How do I find out my robots.txt was changed and I am not aware of it?

Use Wygard's robots.txt monitoring feature — you won't miss any change.

Does a Disallow entry also stop Google from indexing the URL?

No — Disallow only blocks crawling. Google can still index a disallowed URL (and show it in results without a snippet) based on external links pointing at it. To keep a page out of the index, use a noindex meta tag or the X-Robots-Tag HTTP header. Important catch: if a page is both disallowed in robots.txt and tagged noindex, Googlebot can't crawl the page to see the noindex — so the URL may still appear in results. Pick one, not both.

Does robots.txt work across subdomains and protocols?
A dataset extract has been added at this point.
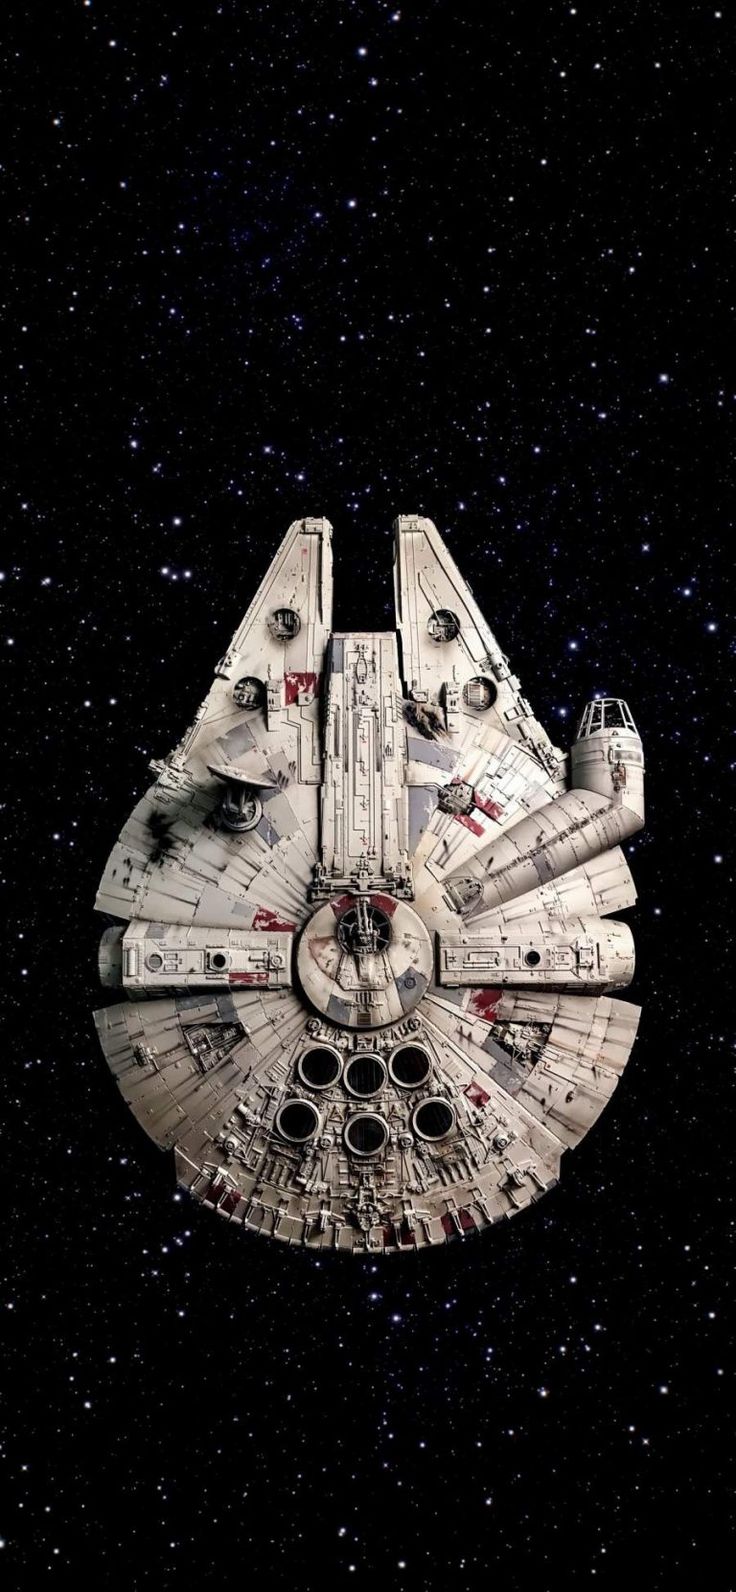 Star Wars Millennium Falcon Ship iPhone Wallpaper
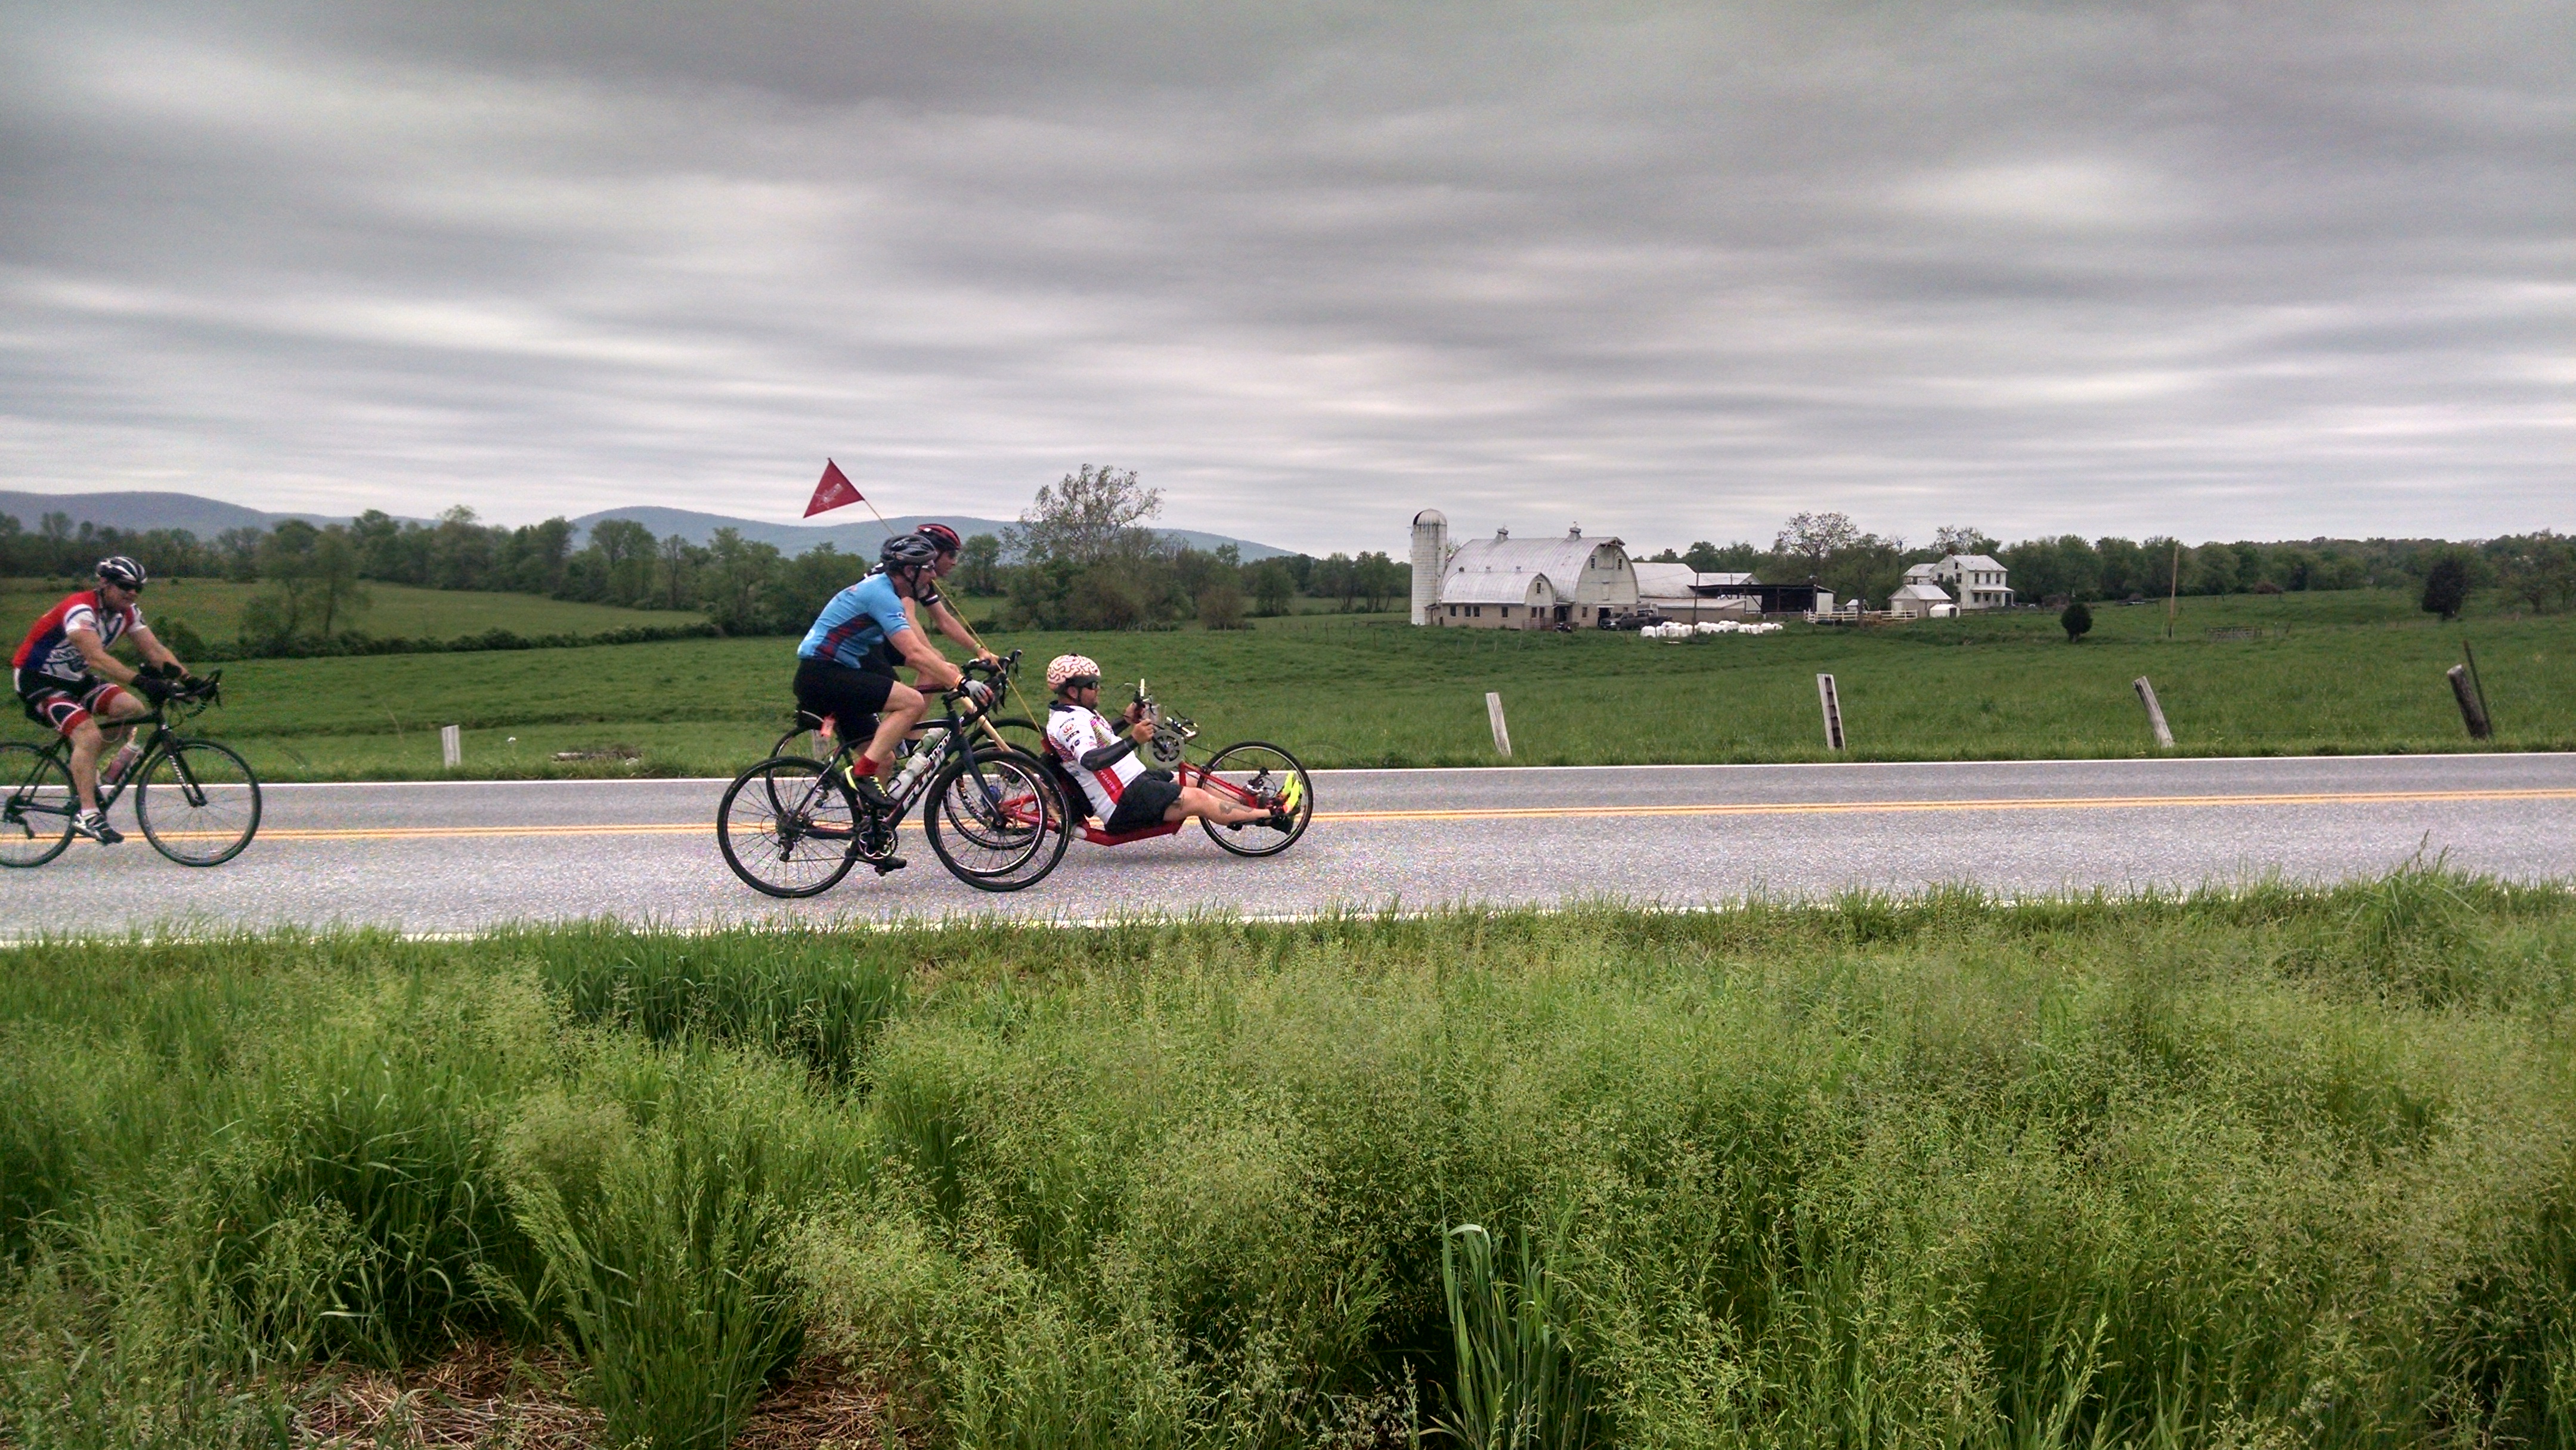 Cycling past a Maryland farm

No. Every (protocol, host, port) combination has its own robots.txt file. https://example.com/robots.txt does not govern https://m.example.com/, and it does not govern http://example.com/ either — HTTP and HTTPS are separate scopes. If you run a multi-subdomain site, every subdomain needs its own robots.txt served at its own root.

How do * and $ wildcards work?

* matches any sequence of characters, including an empty one. $ anchors the match to the end of the URL. Disallow: /*.pdf$ blocks every URL ending in .pdf, but not /report.pdf?v=2. Disallow: /search blocks /search, /search?q=x, and /search/results — anything starting with that prefix.

When Allow and Disallow both match, which wins?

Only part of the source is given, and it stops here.